I will be stain/sealing it so I'd love suggestions there. I've read LOTS of opinons on what to use. One Time Wood, TWP, Cabot, Sikken, Olympic Max, and others. I'm def leaning toward something semi transparent, or even less.."toned" as its called and something oil based that soaks in. Not a top coater. I'll buy at the big box store, or order online, if I just knew what to get. I need to decide because I hope to be ready to seal it by next week.

I love a rich light red/cedar color, but I've read to go as light as I can stand it, because it'll get darker over the years as more layers are added.
Also, the gazebo has a grey deck, and a light creme colored framing so it sort of needs to match it, but I do NOT want a grey deck.

UPDATE on Sealer: I'm leaning toward "One Time Wood" at this point because I'm finding positive comments from anyone who has used it and had it fr several years.

Suggestions, ideas, and thoughts welcome!!

Deck Site:


Sunroom is from the middle to the right in this pic.
Deck will go all the way across the back of that fireplace.



Gazebe I'm tying into the deck:


Deck Plan:


----------



## Rhizzlebop (Jan 28, 2009)

Willie T didn't like my black background screen. this is what I use every day. Much easier on the eyes. Sorry if others don't like it.


----------



## Stillwerkin (Nov 24, 2008)

That looks like a great conventional layout, and would likely add value to the property with the added outdoor living space for families and/or parties. 
Nice idea. There's good "flow" through the living room/sunroom/deck/gazebo. 

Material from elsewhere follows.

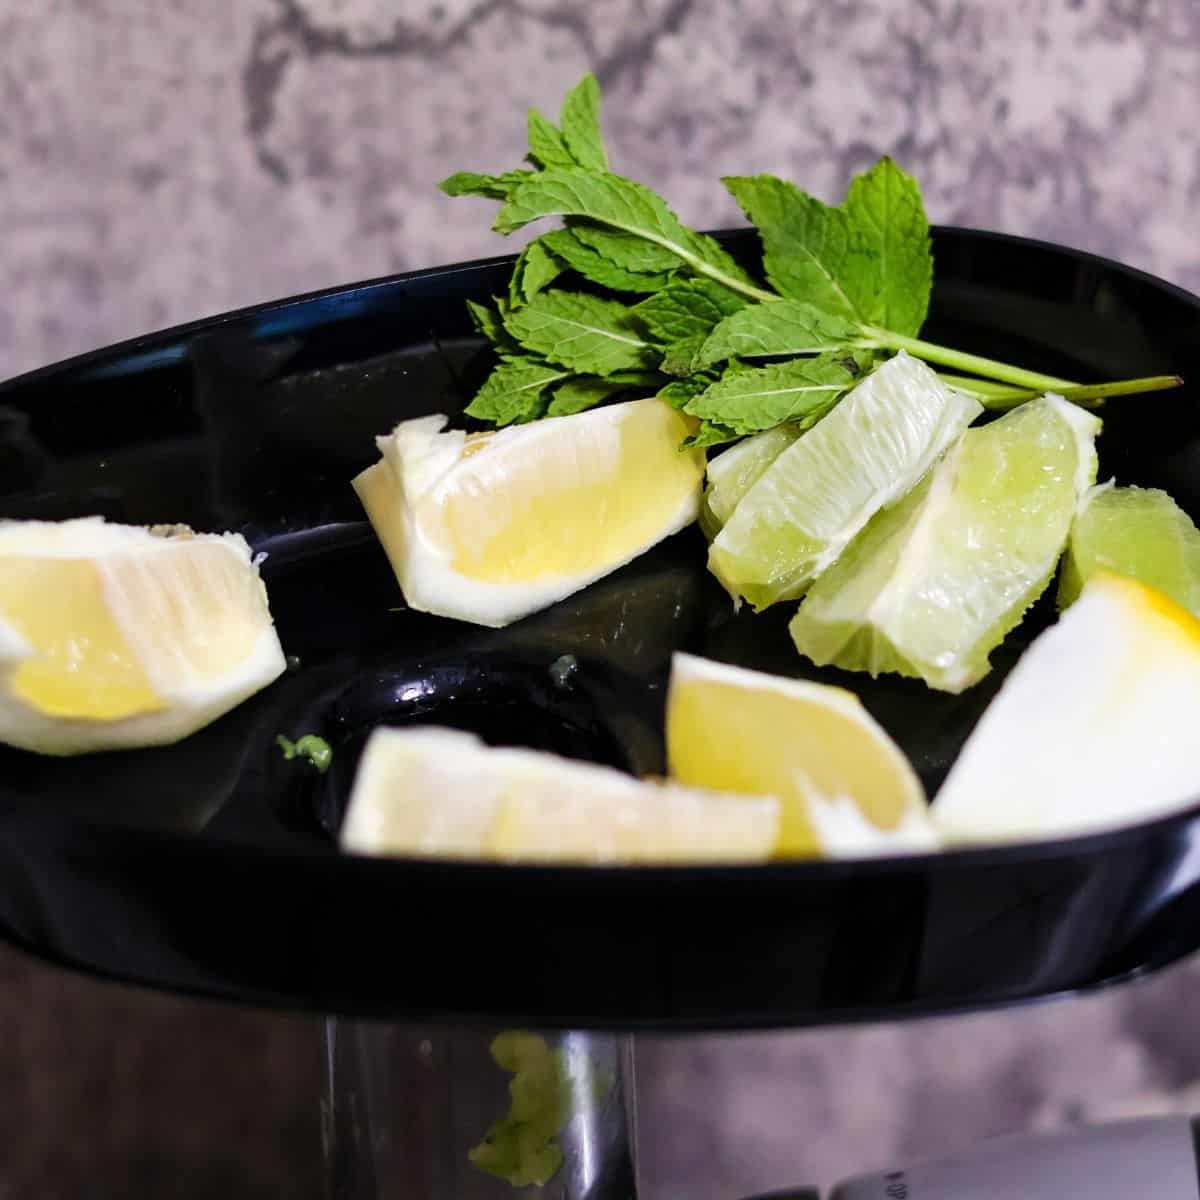 Lemon and lime wedges with fresh mint leaves in a juicer tray, ready for juicing.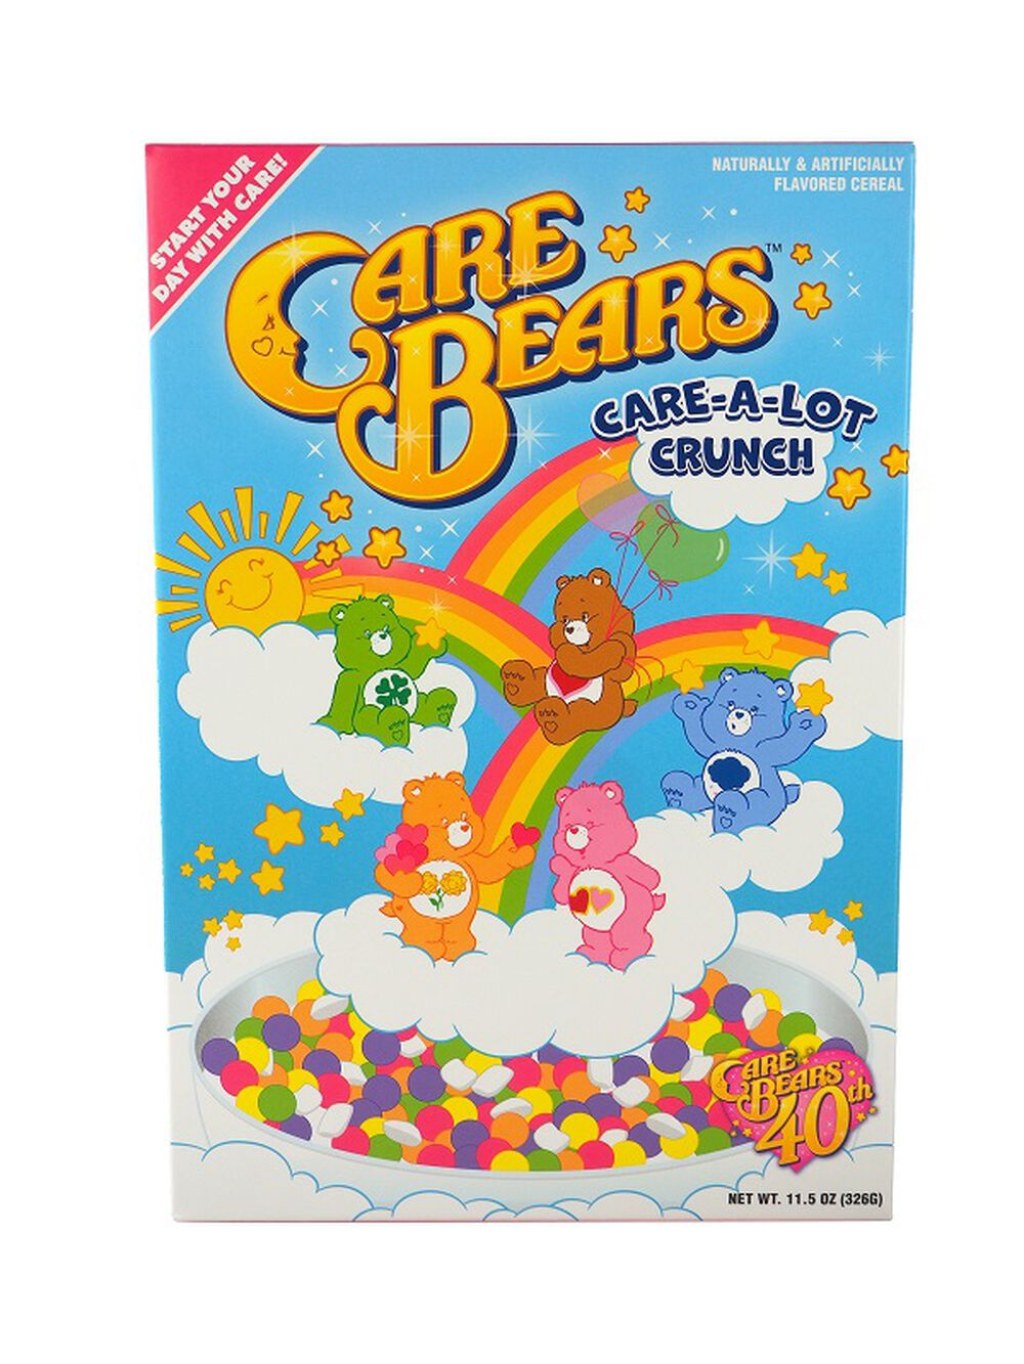 Picture of: Care Bears Care-A-Lot Crunch Cereal

-Hopefully the yard extends far enough back on the left that it wouldn't cramp it. Might be zoning issue as well. 
That looks like a big deck. Too big? Perhaps draw the outlines in marking paint and walk around the yard first. It shouldn't overpower.
Drainage first before any construction.

-Use natural or other stain(not red) with that cool yellow siding. Tough call on what color would blend with granite.
Mabye some yellow/white plants might blend it in? Purple or red to offset? This is where I start getting headaches lol. 

-You could add a roof over the cook area, and add some small steps on the right(unless that space is better closed off). Can't see the yard/neighbors.

-With the gazebo, the florida room may be redundant.

When it's done, throw a steak on and some cold ones for me, eh:thumbup:


----------



## Rhizzlebop (Jan 28, 2009)

Thanks man!! I appreciate the nice comments.
Question though, whatt do you mean "great conventional layout"? As opposed to great dynamic layout? Could it be better done a different way?

Ok, so, to your comments, my house sits directly in the back of a culdasac. So, its about 50 feet from the back face of my house to the rear fence. At the back of the property line, Its about 120 I'd say from the far back left corner to the far back right corner.
In summary, it's a good size back yard for a small neighborhood type lot, so I think its plenty big to handle this deck. 

For drainage, I've already run 140 feet of french drain line from under both ends of this deck area and taken them away to a slope. Water was holding after a rain, for days, but its been much better since I did those.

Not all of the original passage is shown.